I did not say anything. I had learned long ago that apologies did little to fear. My threads fell all around me, threads he could not see or feel, and I remained on the ground. I remembered the Nivim and those before them in my journeys, until I recalled the first one. Mother.

I waited for him to run away.

But, I felt something, a prick beneath my toes. Another tremor.

No. It is over. There cannot be any more movement from the threads.

I felt it, a distantly tugged thread. Then, I realized, it was not my own.

I looked to the direction. It was to the west, opposite the sun, and far away from the crater. I could see its origin past the arc of the monolith. A raging cloud of sand was billowing in the distance, and in the seconds as I looked at it, I felt the tremors grow slightly stronger, like the pluck of a string subtly speeding up.

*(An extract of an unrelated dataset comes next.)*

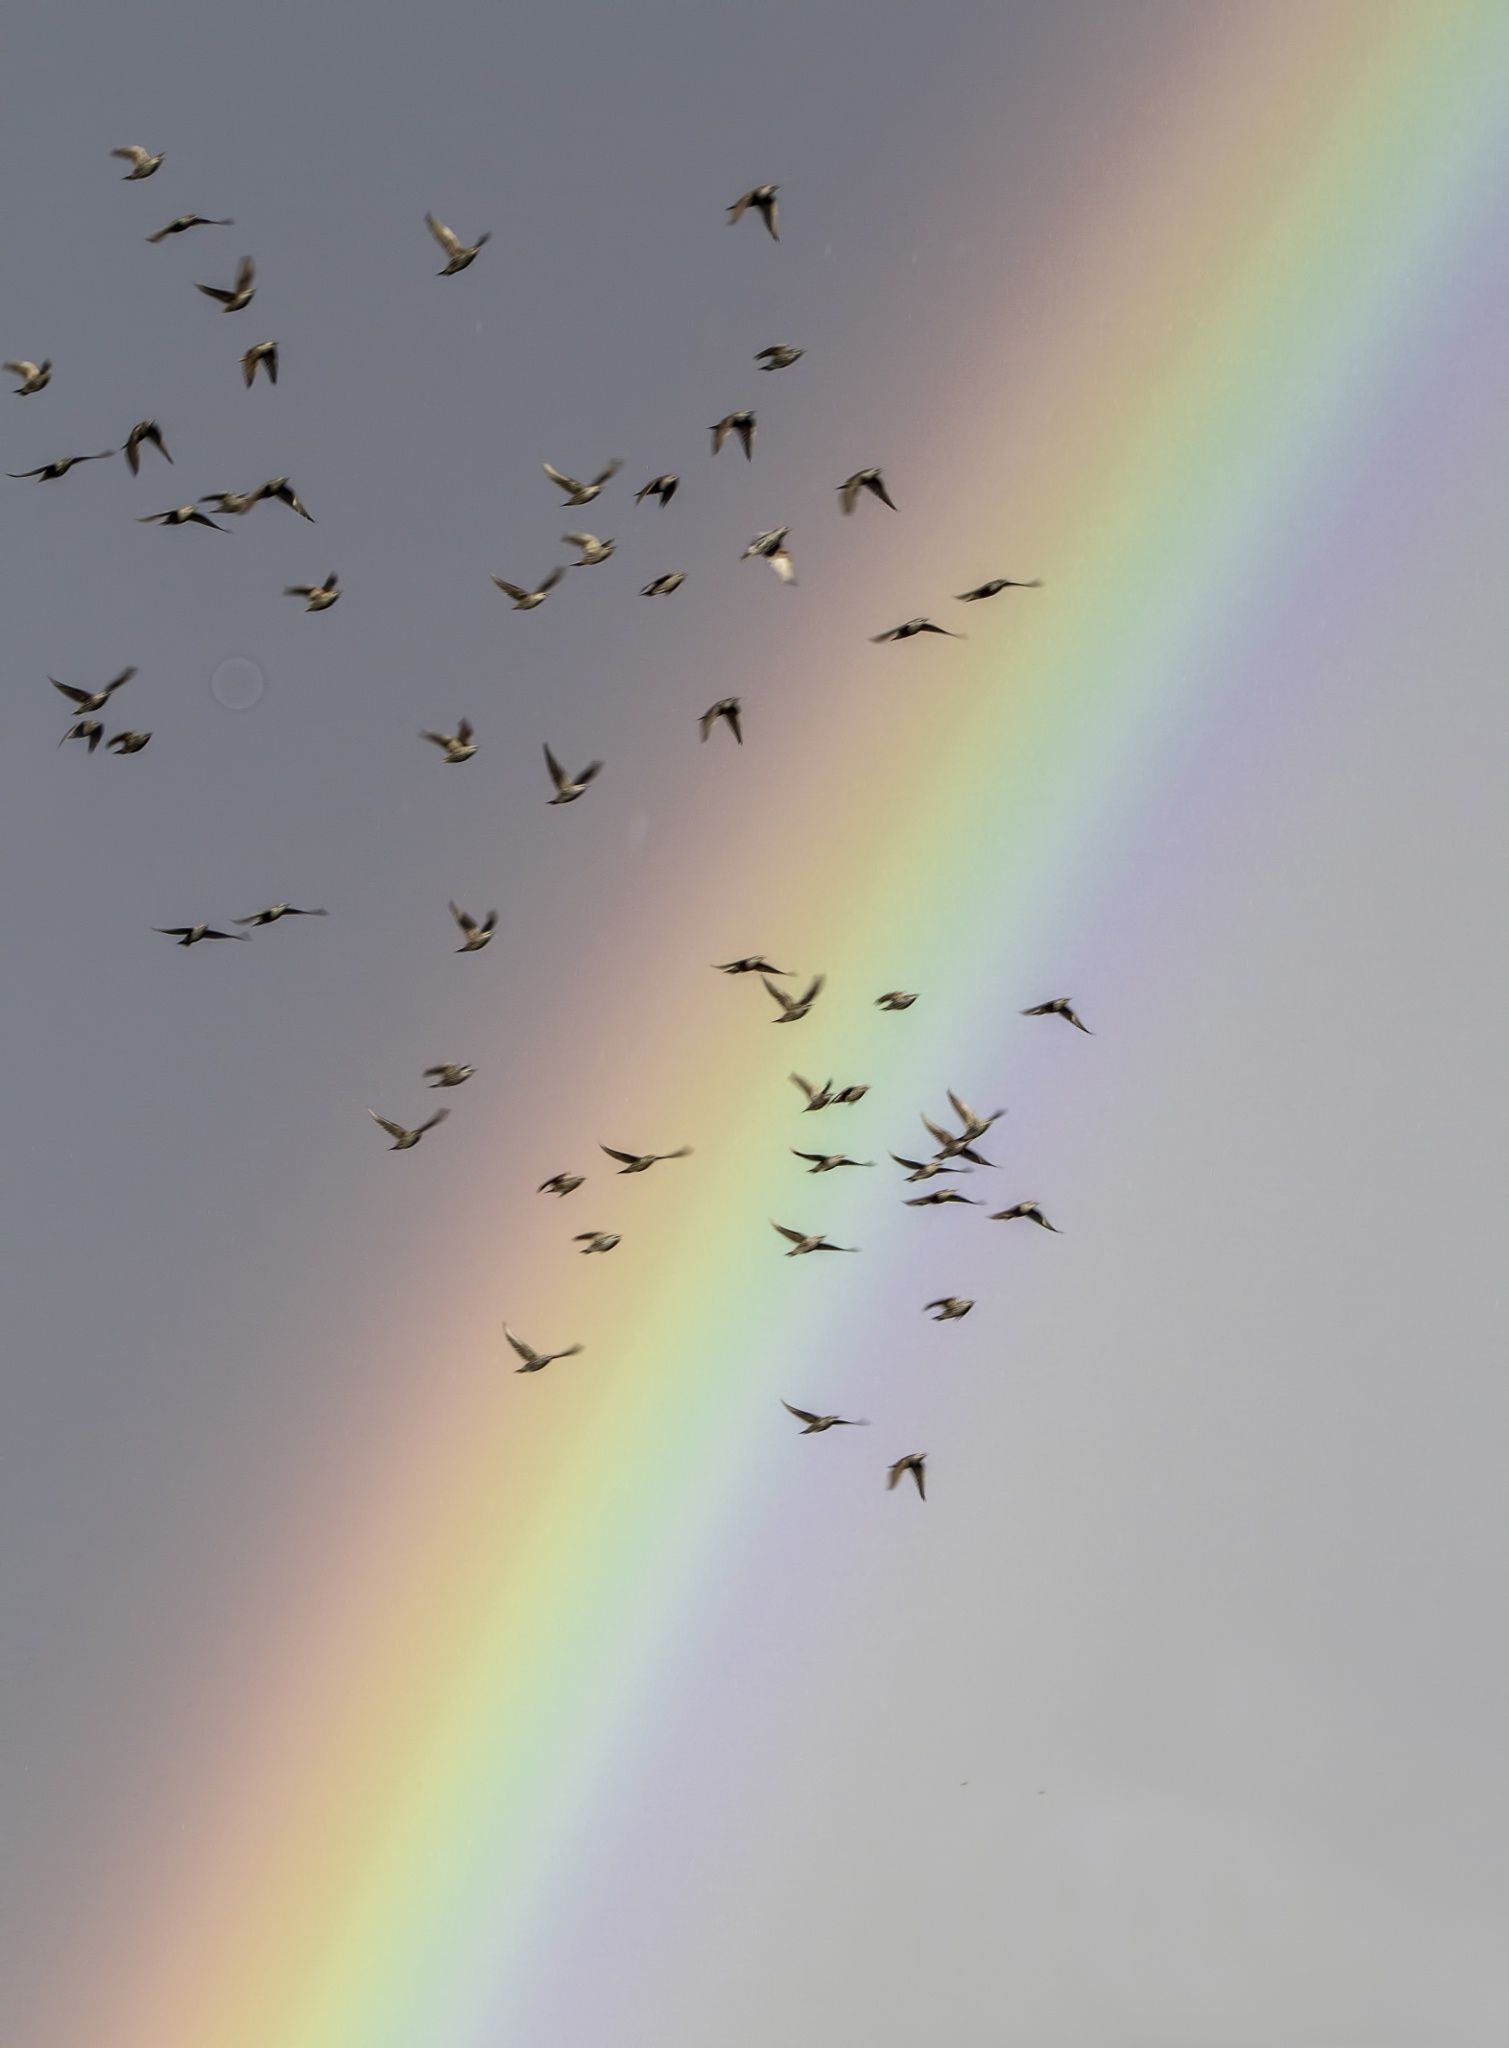 A flock of birds flying underneath the rainbow -

I stood. My eyes could not leave it, and I sensed the stranger look to that direction as well.

The sand cloud was a trail. Something was approaching us, and judging from the amount of sand being shot up, it was large, perhaps as large as a galley, coming full speed and rending earth as it came towards us.

I only knew of one thing that could do this, and I have heard its rumors so often that I could instantly recall.

Rek'Sai, the Queen of all Xer'Sai, Undertaker of Caravans, and Terror of the Sands.

But we were far, far from the Sai'Khaleek to the south-west where she was known to dwell. This was something unknown to the rumors and legends of the tribes. Something I have never seen in all my travels.

It was coming closer.


AN: Can't keep going without a little conflict, I suppose. Most parts of this chapter wrote itself, that is, I didn't plan out some details but they turned out well when I wrote them. I loved writing this chapter and I hope I've done their developing interactions well enough, for I have more and more planned out for them. I do not want to tarry too long on details of the setting and their background and I'd rather variate the pace.

Inputted Meanings:

"Wehaya" is an anagram of the articulated form of the tetragrammaton (YHWH). Whether the concept of the Great Weaver is a personal monotheistic god as in the Abrahamic religions or a cosmic force of nature, is something the story will explore moving forward.

Again, thank you to all those who reviewed, faved, and followed. This story has been gaining quite a bit of traction lately and I have been enjoying writing its chapters, such that I have a stupid smile on my face after writing them. Maybe it's a smile I'd like to share.

Thank you again, and see you guys in the next one.